Sunday, October 31, 2010

in love with love and lousy poetry

Opening Ceremony

Isn't it funny, what you notice?
Her hair falls around her face, short,
not too much cared for.
Skin, in this light, is scarred with blotchy teenage battle-wounds.

Eyes with a magic laugh in them,
that she does not bother to guard from view.
Doesn't shy from looking at you
Doesn't need anything from me, but wants my attention

Full of life,
full of knowing everything
You anticipate her presence in every moment:
She's there,
where she wasn't before

hurry, hurry, hurry, before i go insane

toe-stepping

uncomprehending streetlights
looked askance at a dim,
hazy talk about nothing really [don't you just tend to agree with people]

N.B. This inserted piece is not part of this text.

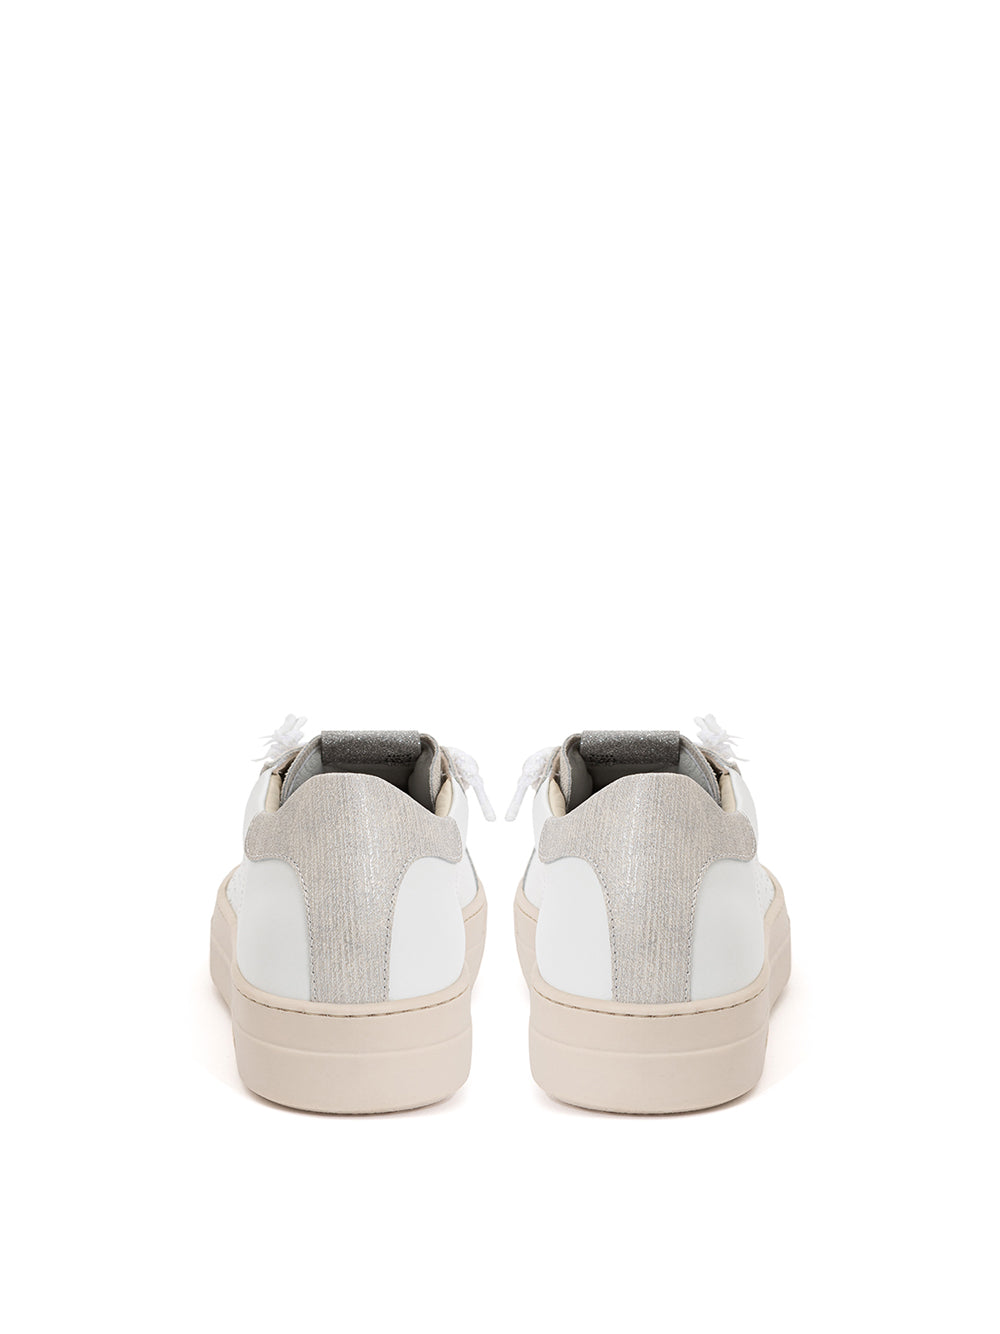 White Thea P448 leather sneakers

we three blanketing someone else's car
philosophical after half-a-bottle [only]

she burned me with a cigarette,
And I didn't even notice she was there.

Saturday, October 30, 2010

en briques

Koller/Saroyan

Maniac is me
want it now
and perfect
like bricks
one
on top of the
other.

the mason's plight,
ours too:
No thanks
for making what is perfect.
Does his job too well,
dies unhallowed.

intricate machinery of mortar
all that's left
to put to our faceless names

Thursday, October 28, 2010

Rambling again

I've made a huge mistake, find myself being drawn intractably into maw of a terrifying, uncomprehending bureaucracy whose only end is to perpetuate itself profitably. Don't assume that profit is valued over perpetuation.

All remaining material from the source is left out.